Day hiking implies that you’ll be home and safe long before the sun sets, but the unexpected could change everything. That’s why the Mountain Series Hiker kit from Adventure Medical Kits is the right one to toss in your pack. It comes loaded with enough gear for up to two people for two days, including backcountry wound care products to stop bleeding and bandage wounds or stabilize a strained or sprained ankle.

An external kit map shows where all the supplies are located (organized by injury in clearly-labeled pockets), and a reflective design makes it easier to get what you need in the dark. Other, more common hiking ailments such as blisters, insect bites, and pain mitigation are also covered, and it includes a condensed guide on wilderness medication

Best for Road Tripping/Cars: My Medic Popular Mechanics Auto Medic Kit

My Medic Popular Mechanics Auto Medic Kit

My Medic

What We Like
  • Comprehensive

  • HSA and FSA approved

What We Don't Like
  • Larger groups or families may want more coverage

Be ready to handle the unforeseen consequences of your next road trip with the Popular Mechanics Auto Medic kit from My Medical. The rugged case will withstand all sorts of punishment, making it a reliable resource no matter how tightly you pack your trunk. It boasts loads of gear, organized in easily identifiable color-coded modules, with everything you need to handle minor to life-threatening injuries, including a pack of assorted bandages, a wound treatment and relief mod with pain meds and items like sting relief wipes; and a medication mod that covers the gamut of illnesses.

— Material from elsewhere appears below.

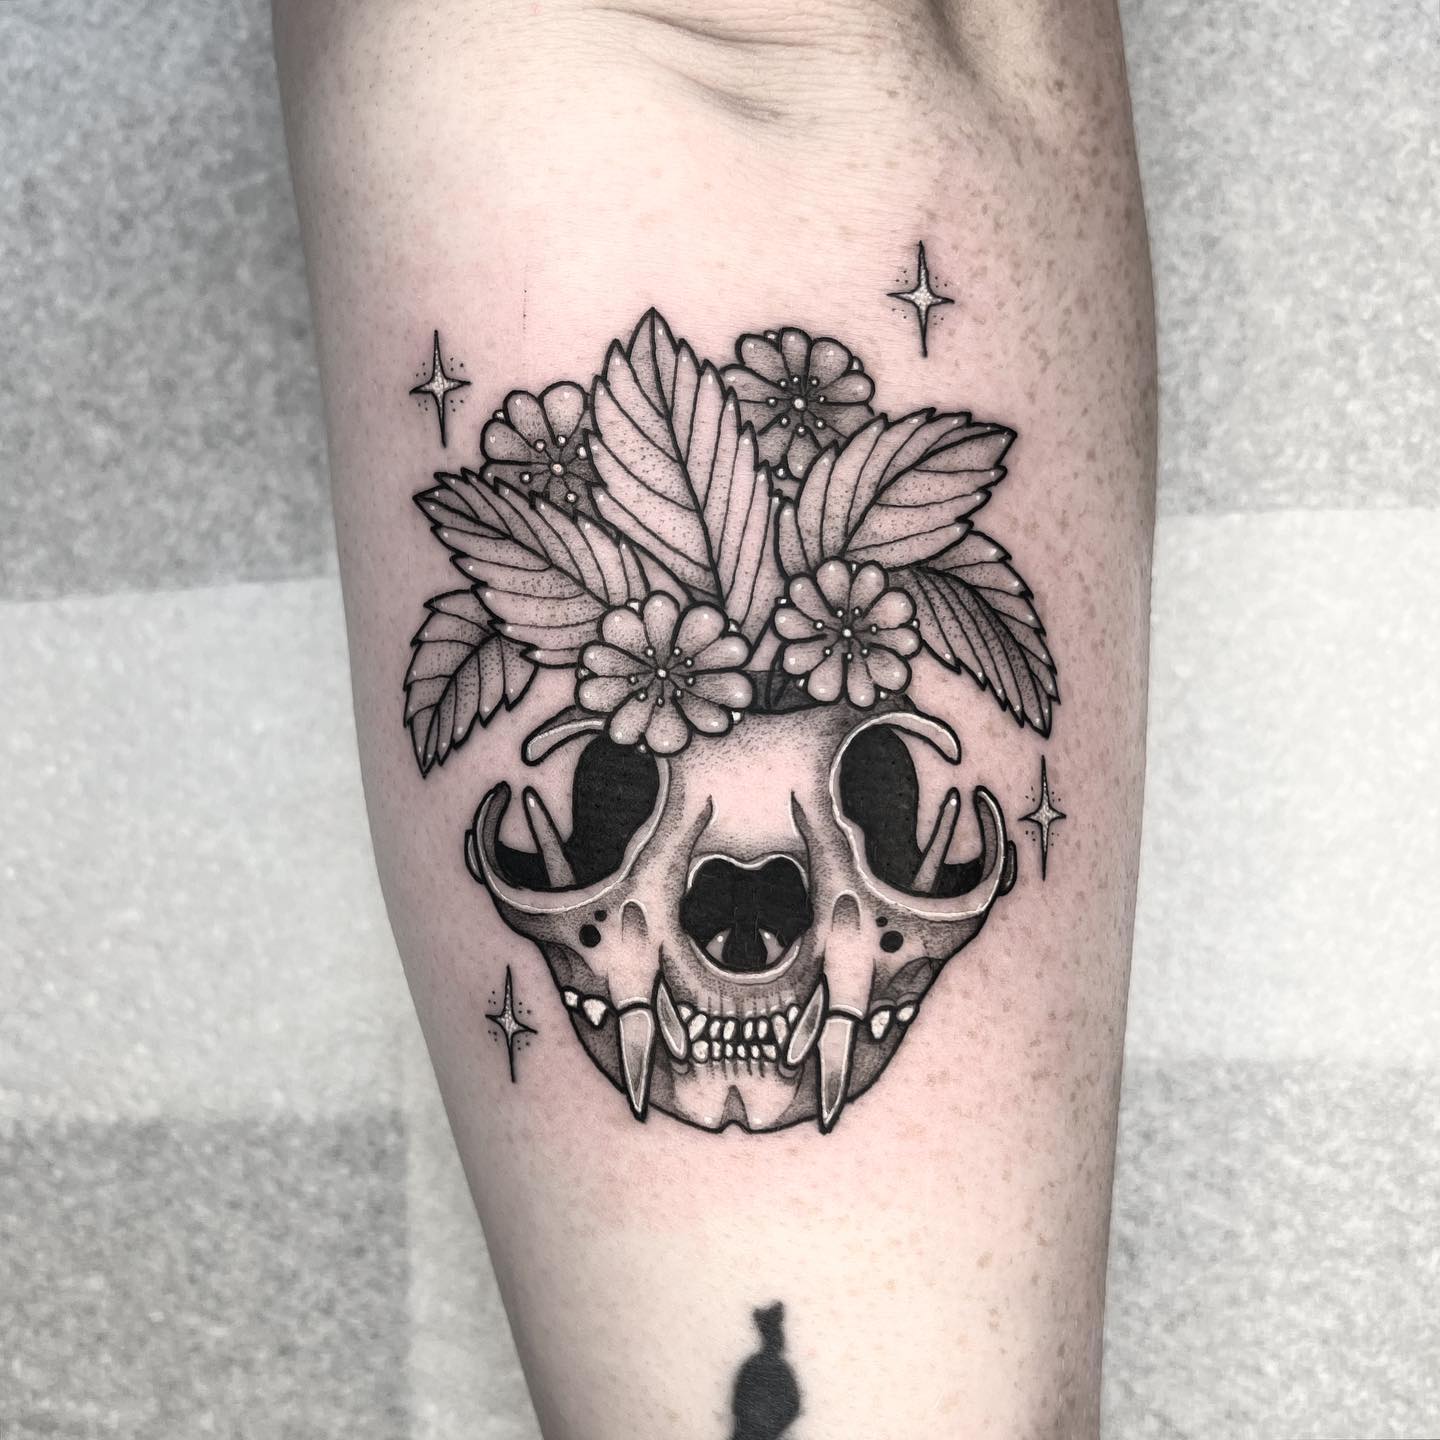 Simple skull tattoo by draculatattoos

You also get an assortment of gauzes, mini-tools like a whistler and tweezer, EMT shears, a rapid tourniquet, a CPR shield, and a pair of disposable gloves. Car trip-centric features include a light stick that glows for up to 30 hours, a combo window breaker/seat belt cutter to help you escape the car in an emergency, a barf bag, and a thermal insulation space blanket. It also includes a guide to first aid survival to help you address practically any issue you might encounter.

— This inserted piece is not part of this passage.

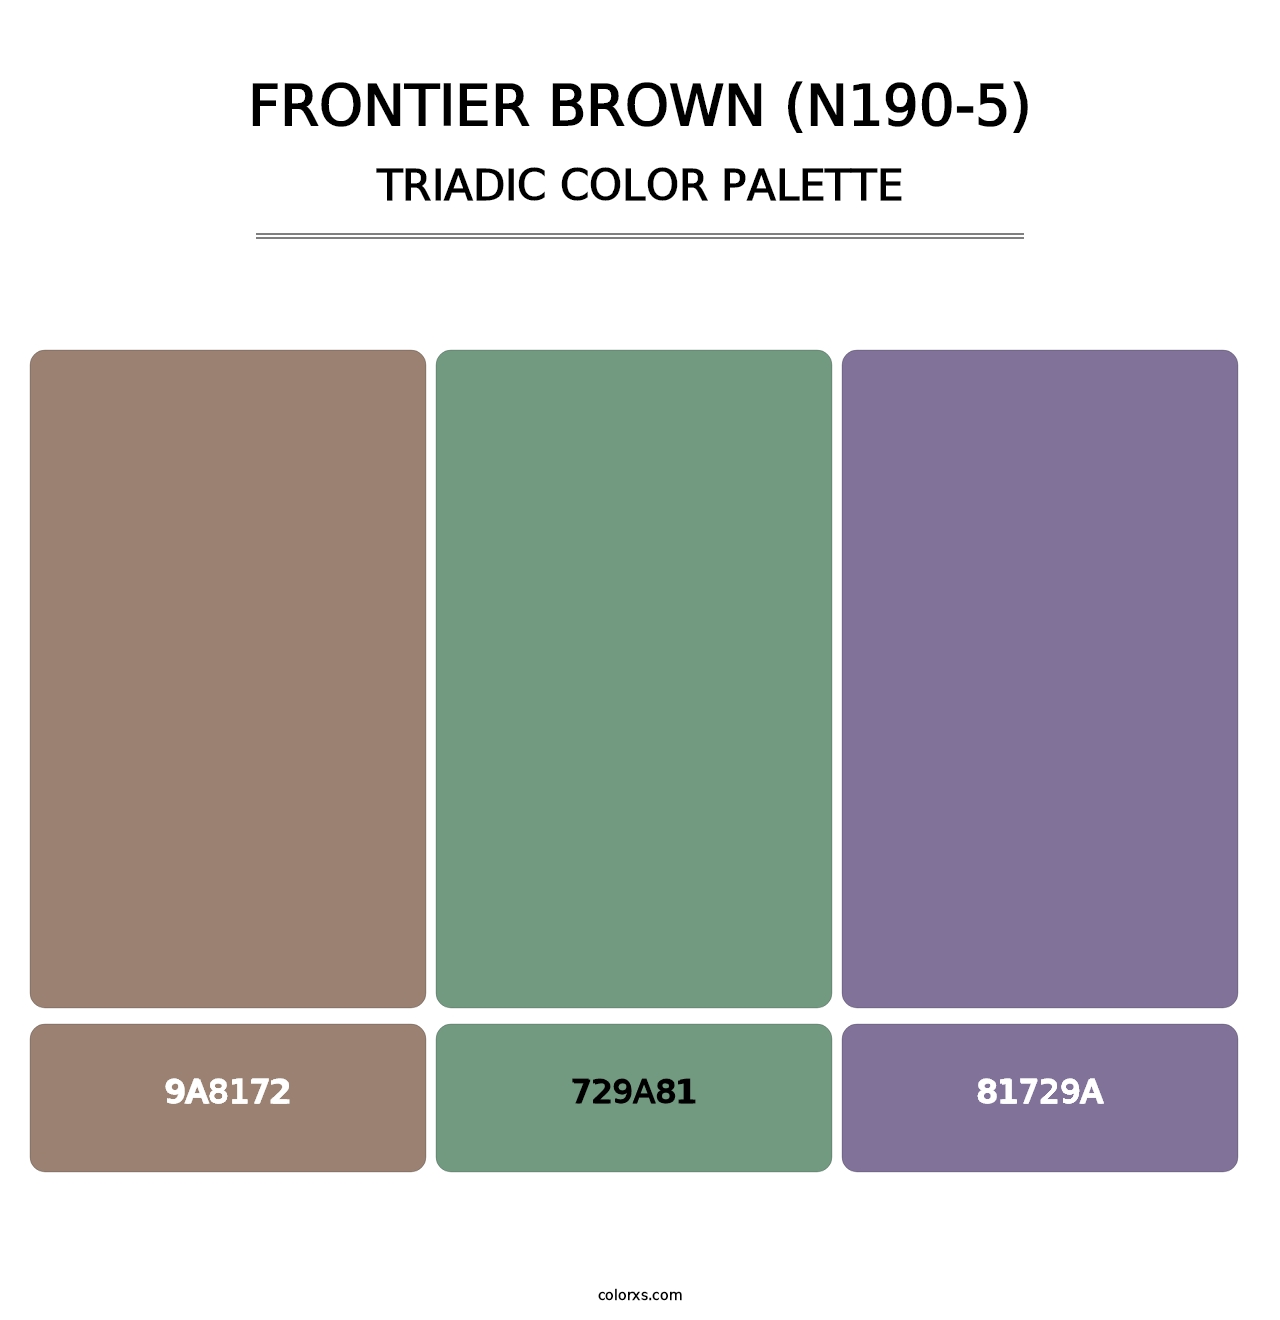 Frontier Brown (N190-5) - Triadic Color Palette

Best for Car Camping: HART Outdoor Multiday First-Aid Kit

HART Outdoor Multiday First-Aid Kit

REI

What We Like
  • Inexpensive

What We Don't Like
  • Do we really need an “accident record report and pencil” in the world of smart devices and phone cameras?

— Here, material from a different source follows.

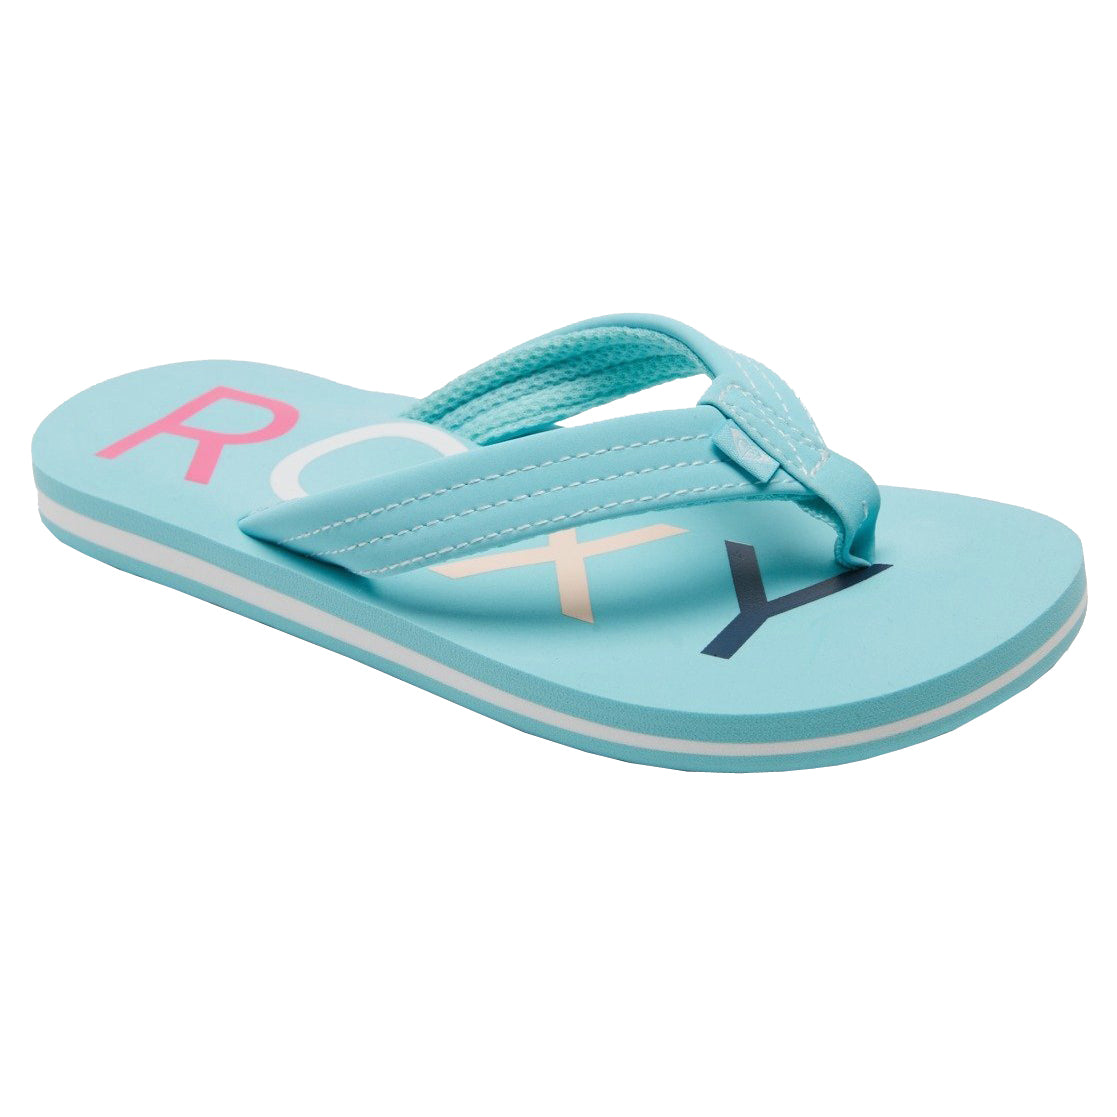 Roxy Vista 3 Girls Sandal LTB-Light Blue 11 C

Packability is considerably less of an issue when car camping than, say, thru-hiking or taking a multi-day backpacking excursion, so the Hard Outdoor Multiday First Aid Kit makes for the ideal park-and-camp scenario. It won’t dominate your trunk space, but it still supplies everything you and your camping crew might need to handle typical wilderness injuries. It includes a host of different adhesive bandages and gauzes, a handful of pills, loads of wound cleaning materials, and topical relief for things like burns, insect stings, or poison ivy. It also includes two broad patches of moleskin to help with blisters, scissors, forceps, an elastic bandage, and a wilderness first aid guide to keep you informed.

Best for Thru-Hikes: Adventure Medical Kits Ultralight/Watertight .7

 Adventure Medical Kits Ultralight/Watertight .7

REI

What We Like
  • Lightweight

  • Compact

What to Consider
  • No survival aid instructional guide, so be sure to bone up on the basics before hitting the trail.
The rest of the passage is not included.